Traffic Trace Info
DumpFile: 201203251400.dump
FileSize: 2754.75MB
Id: 201203251400
StartTime: Sun Mar 25 14:00:00 2012
EndTime: Sun Mar 25 14:15:00 2012
TotalTime: 899.93 seconds
TotalCapSize: -1939.97MB CapLen: 96 bytes
# of packets: 39236776 (28748.16MB)
AvgRate: 268.04Mbps stddev:49.89M
IP flow (unique src/dst pair) Information
# of flows: 3171507 (avg. 12.37 pkts/flow)

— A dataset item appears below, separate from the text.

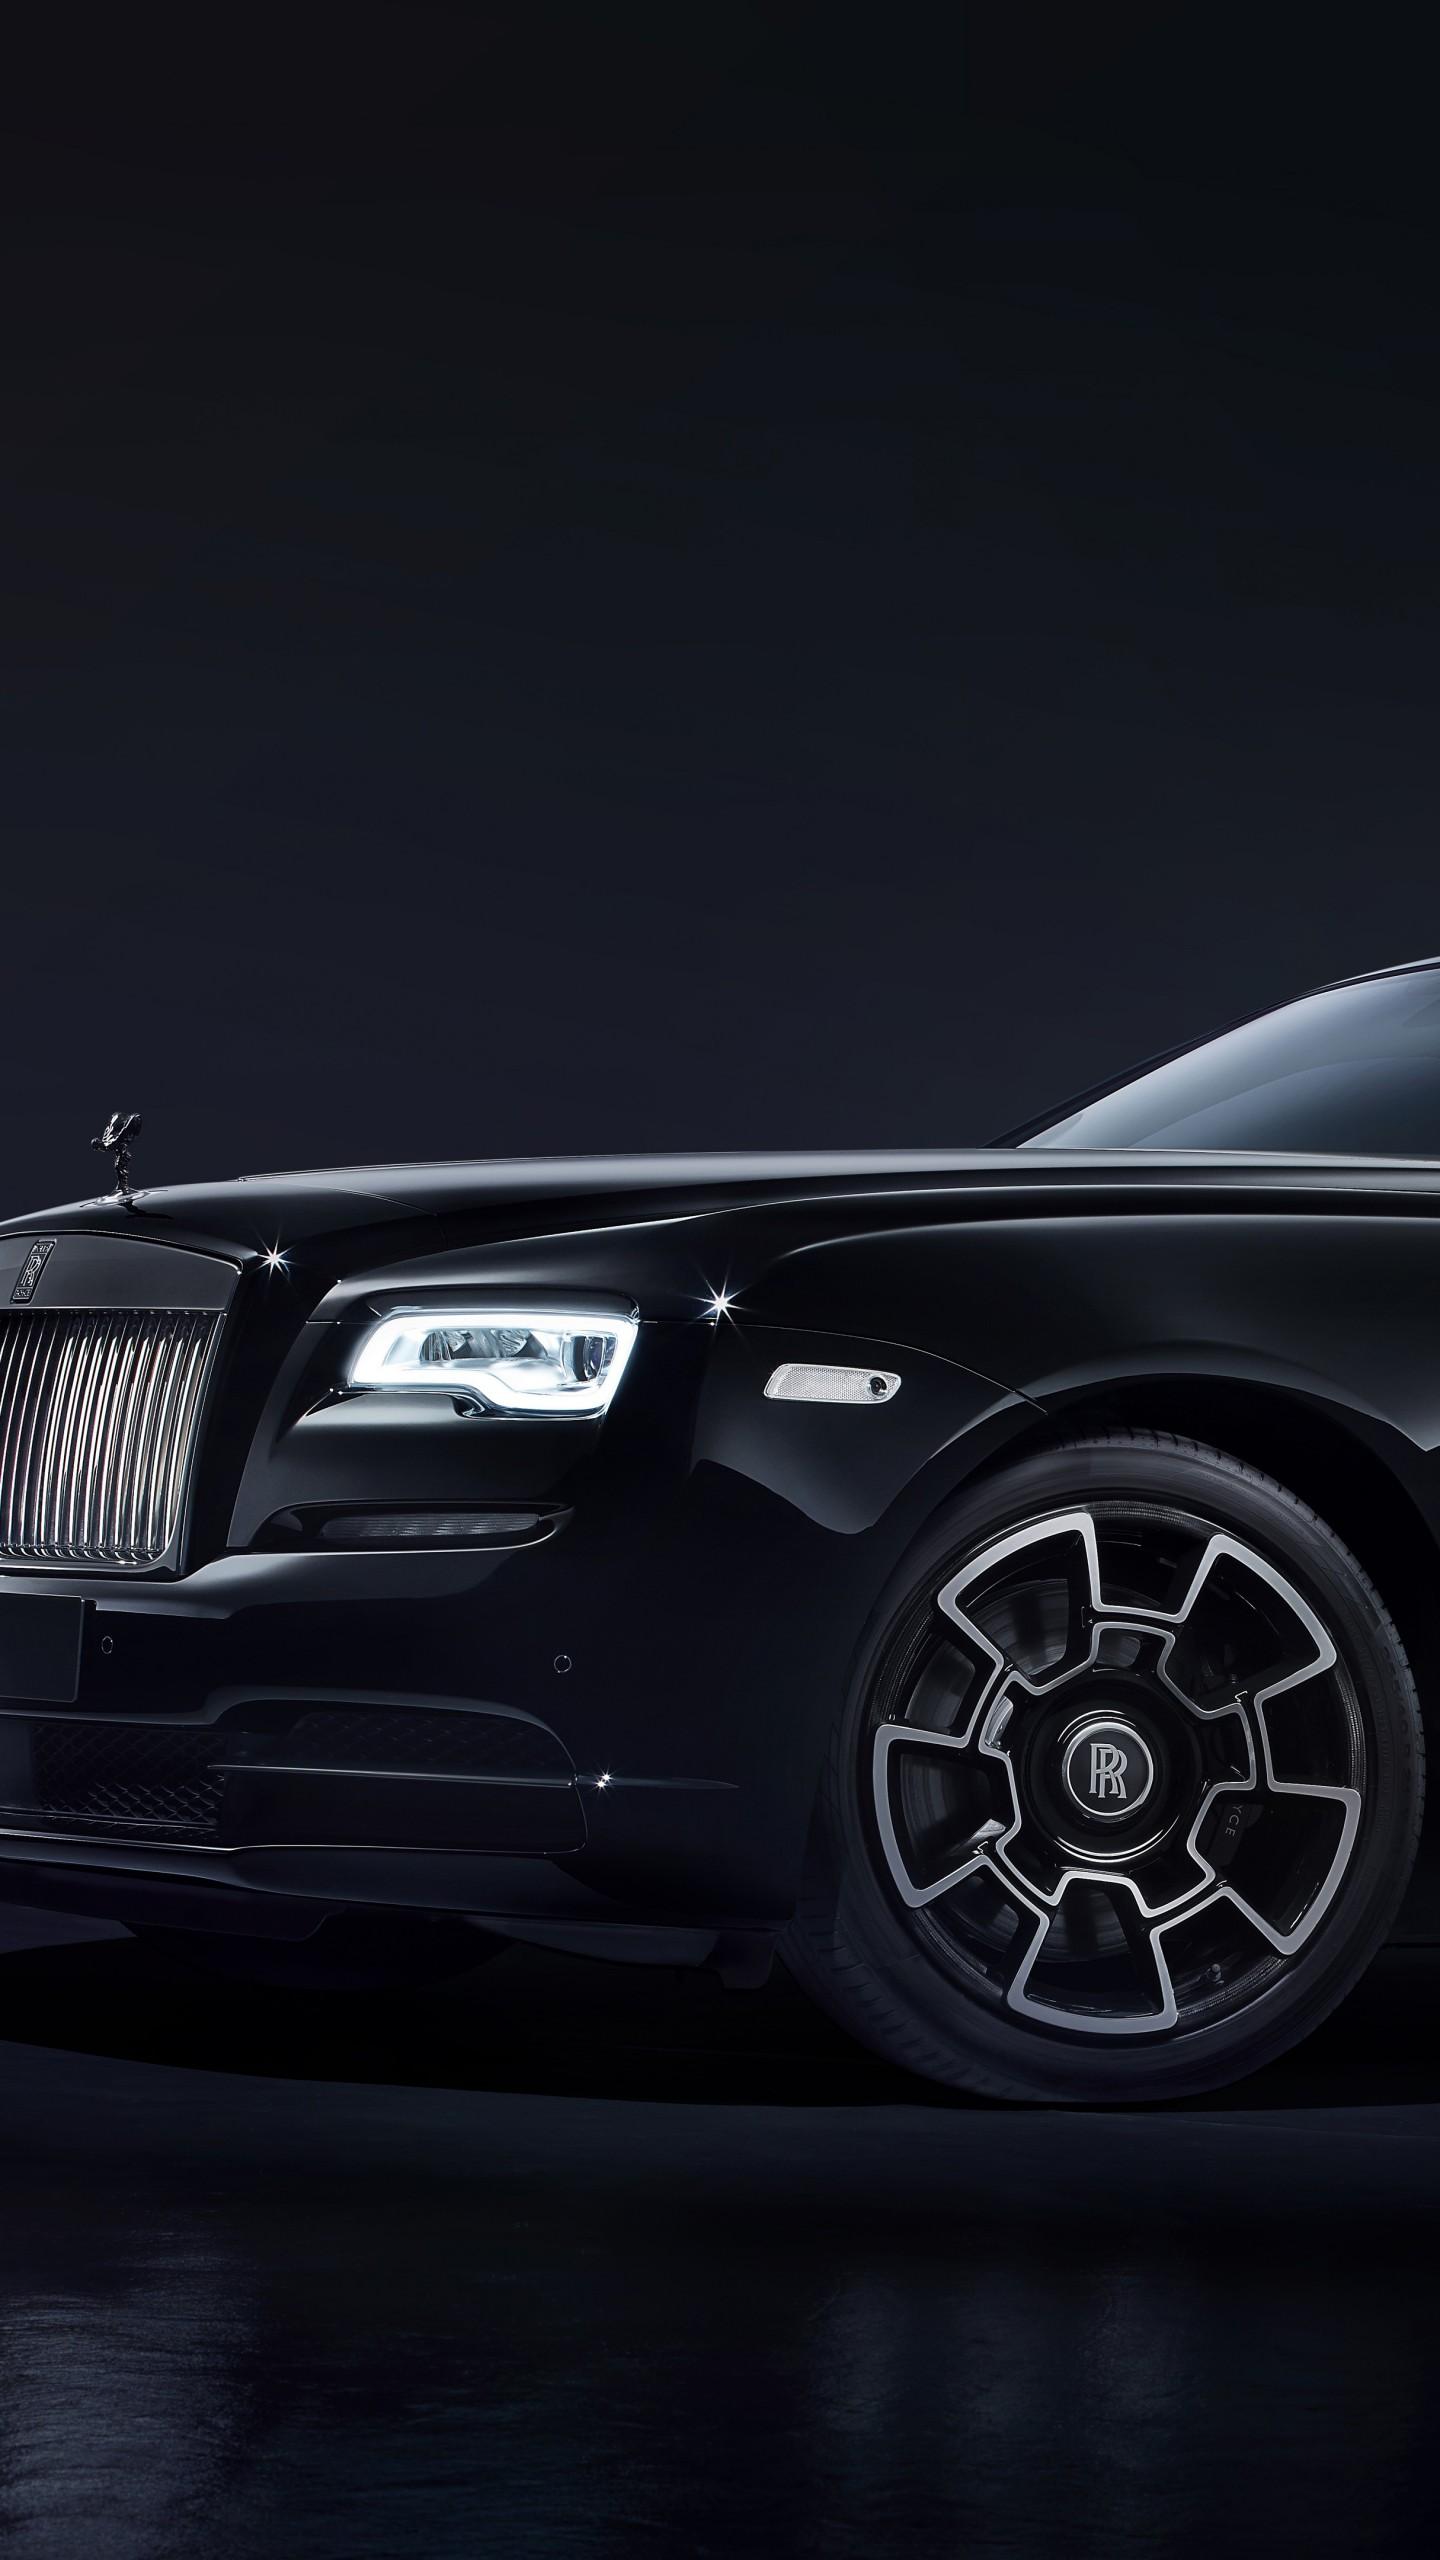 Wallpaper Rolls Royce, Wraith Black Badge, 8K, Automotive / Cars,. Wallpaper For IPhone, Android, Mobile And Desktop

Top 10 big flow size (bytes/total in %):
4.3% 3.0% 2.5% 2.3% 2.2% 1.9% 1.3% 1.1% 1.1% 1.1%
IP address Information
# of IPv4 addresses: 2061540
Top 10 bandwidth usage (bytes/total in %):
20.5% 15.4% 8.6% 6.2% 5.2% 5.0% 4.5% 3.0% 2.9% 2.7%
# of IPv6 addresses: 5217
Top 10 bandwidth usage (bytes/total in %):
85.1% 84.4% 13.0% 12.9% 0.5% 0.3% 0.1% 0.1% 0.1% 0.1%
Packet Size Distribution (including MAC headers)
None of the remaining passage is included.